Balance and Coordination Problems

Strokes affecting the back of the brain, particularly the cerebellum, produce a distinctive pattern of clumsiness. The person staggers when walking, with irregular foot placement, uneven stride length, and a wide stance as they try to stay upright. They may overshoot when reaching for objects, misjudge distances, or sway uncontrollably while sitting or standing. This can look like severe intoxication, which is one reason these strokes sometimes get misidentified. Sudden onset is the key difference. A person who was fine five minutes ago and now can’t walk a straight line needs emergency evaluation.

The Severe Headache of a Brain Bleed

Most strokes are caused by a blood clot blocking flow to part of the brain, and those often produce no headache at all. But about 13% of strokes involve bleeding in or around the brain, and these hemorrhagic strokes can announce themselves with what’s described as “the worst headache of my life.” One patient famously described it as feeling like a hammer hitting her head.

What makes this headache distinctive isn’t just the intensity. It’s the speed. The pain reaches its maximum within less than one minute, which is far faster than a migraine or tension headache. It may be accompanied by nausea, vomiting, neck stiffness, or a sudden loss of consciousness. If someone develops an explosive headache that peaks almost instantly, especially combined with any other stroke symptoms, that warrants a 911 call.

How Strokes Can Look Different in Women

Women experience the classic stroke signs, but they’re also significantly more likely to show symptoms that don’t fit the textbook picture. In population-based studies, women more commonly presented with generalized weakness rather than weakness confined to one side. They were also more likely to experience fatigue, drowsiness, confusion, disorientation, and changes in mental status. Nausea, headache, chest pain, face or limb pain, and a vague sense of feeling “odd” showed up more frequently in women as well.

These non-traditional symptoms can delay recognition. A woman having a stroke may look confused and exhausted rather than displaying obvious face drooping or arm weakness, which can lead both bystanders and healthcare providers to miss the diagnosis. This is one reason stroke outcomes tend to be worse for women. The takeaway: sudden, unexplained confusion, disorientation, or extreme fatigue, especially in combination with any other symptom on this list, deserves the same urgency as a drooping face.

When Symptoms Disappear Quickly

Sometimes stroke symptoms appear and then resolve within minutes. This is called a transient ischemic attack, or TIA. A TIA produces the same signs as a full stroke (face drooping, arm weakness, speech trouble, vision loss) but most symptoms disappear within an hour, and nearly all resolve within 24 hours. Because the symptoms go away, people often dismiss them.

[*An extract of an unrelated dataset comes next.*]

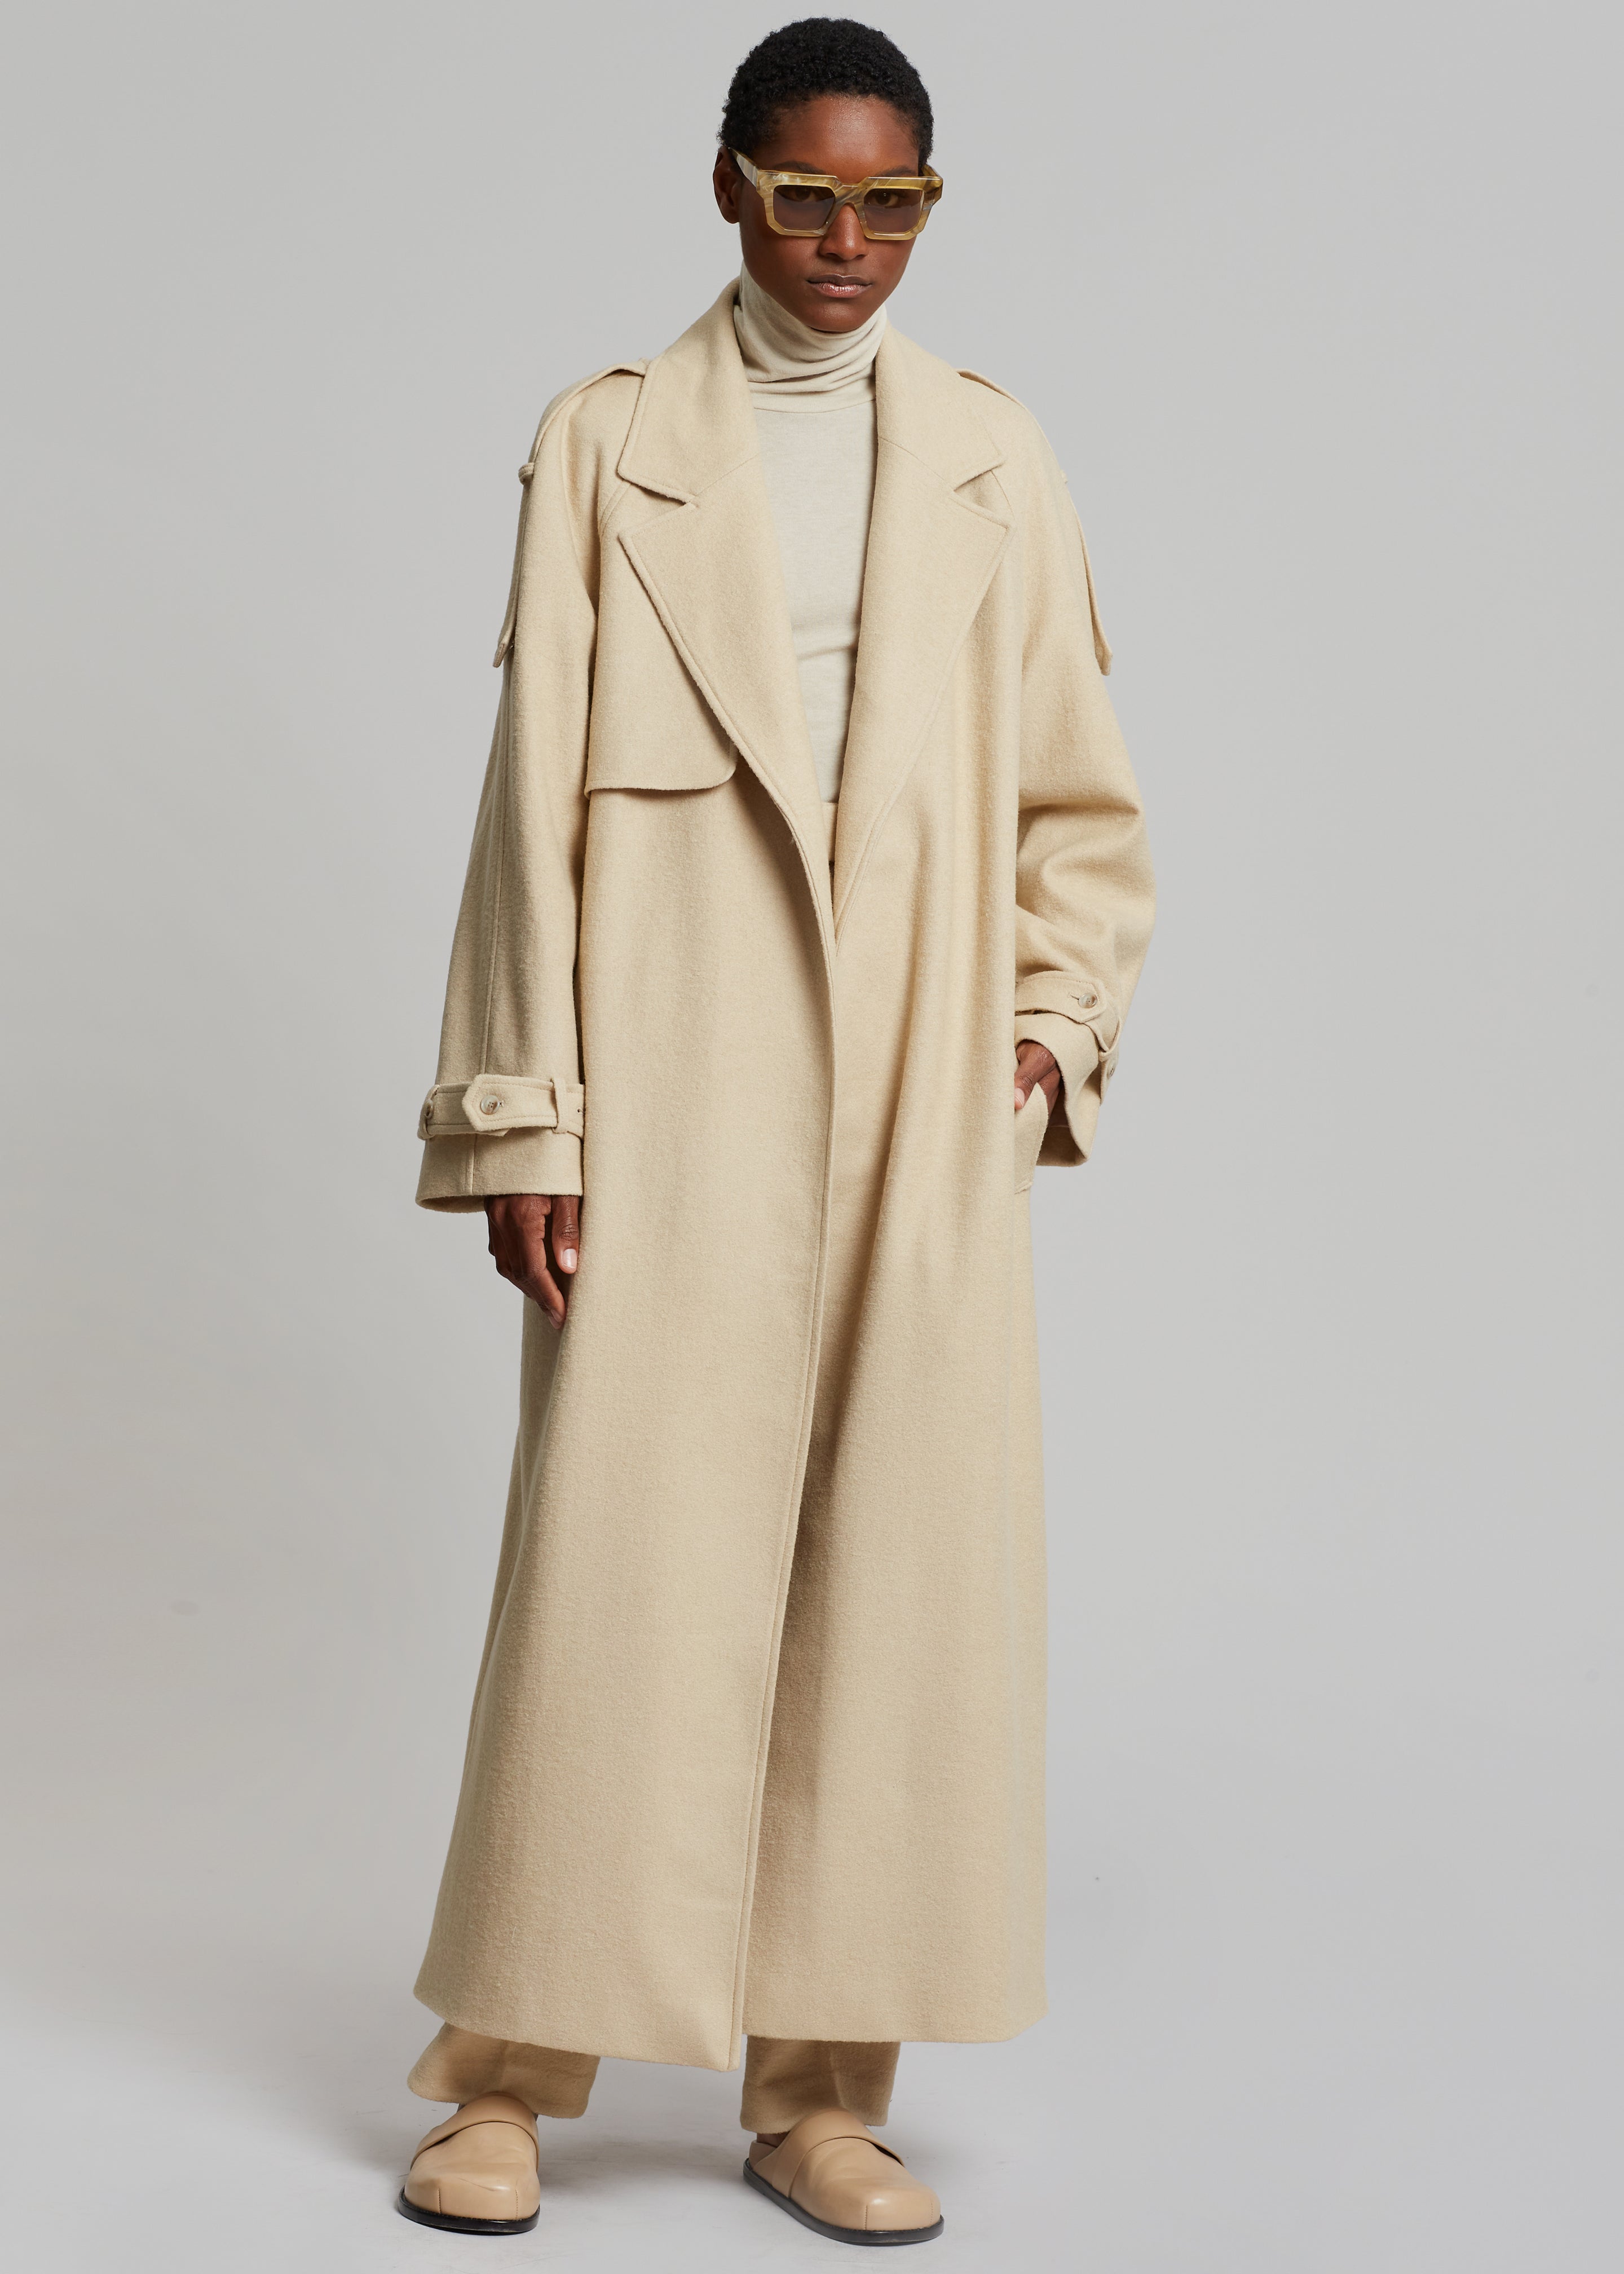 Suzanne Boiled Wool Trench Coat - Beige – The Frankie Shop
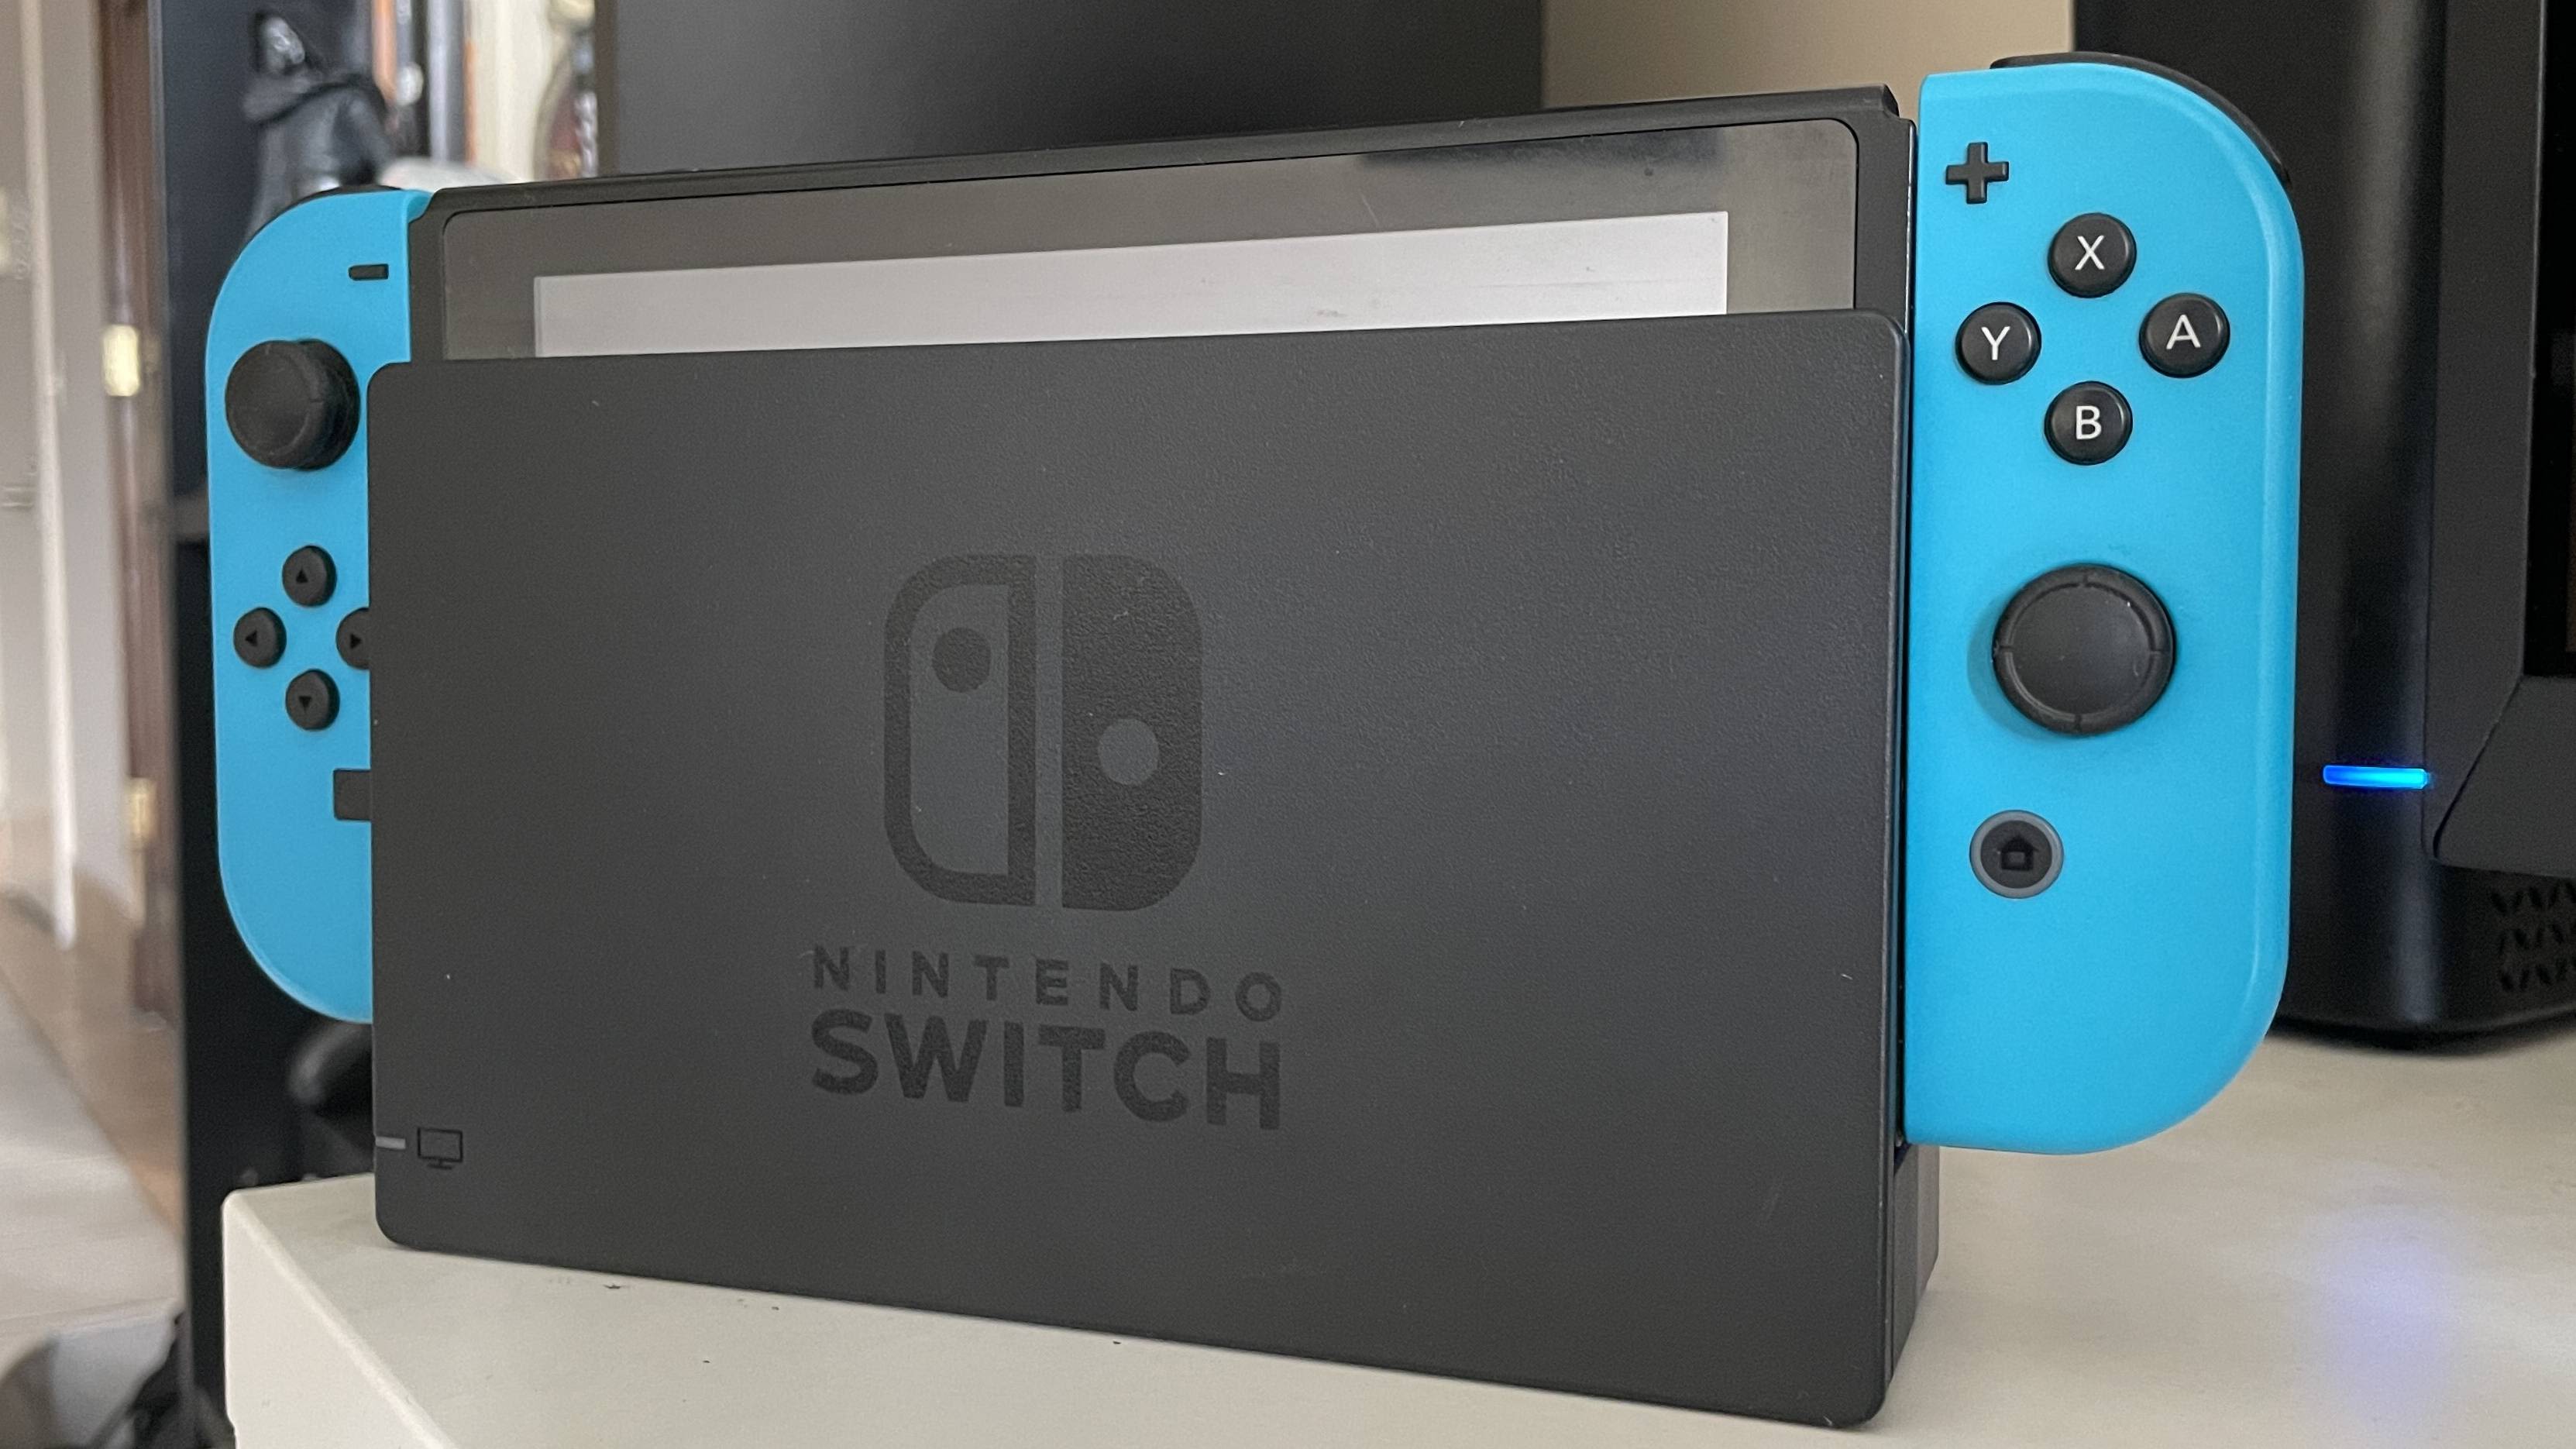 Nintendo Switch buying guide: What you need to know - Android Authority

That’s a mistake. A TIA is a warning that the conditions for a full stroke are in place: a clot formed, temporarily blocked blood flow, and then broke up or moved on its own. Without treatment, the risk of a full stroke in the days and weeks following a TIA is substantial. Anyone whose symptoms resolve should still seek emergency care.

Why Speed Matters

The reason every stroke resource emphasizes time is straightforward: the treatment window is narrow. For strokes caused by clots, clot-dissolving medication is most effective when given within 3 hours of symptom onset. Updated 2026 guidelines extend this window to 4.5 hours for many patients, and in select cases, advanced brain imaging can identify patients who may still benefit from treatment up to 9 or even 24 hours after symptoms begin. But outcomes are consistently better the sooner treatment starts. Brain tissue is dying every minute blood flow is blocked.

If you notice any of these signs in yourself or someone else, note the exact time symptoms started and call emergency services. Don’t drive to the hospital yourself. Paramedics can begin assessment in the ambulance and route you to a hospital equipped for stroke care, which saves additional time once you arrive.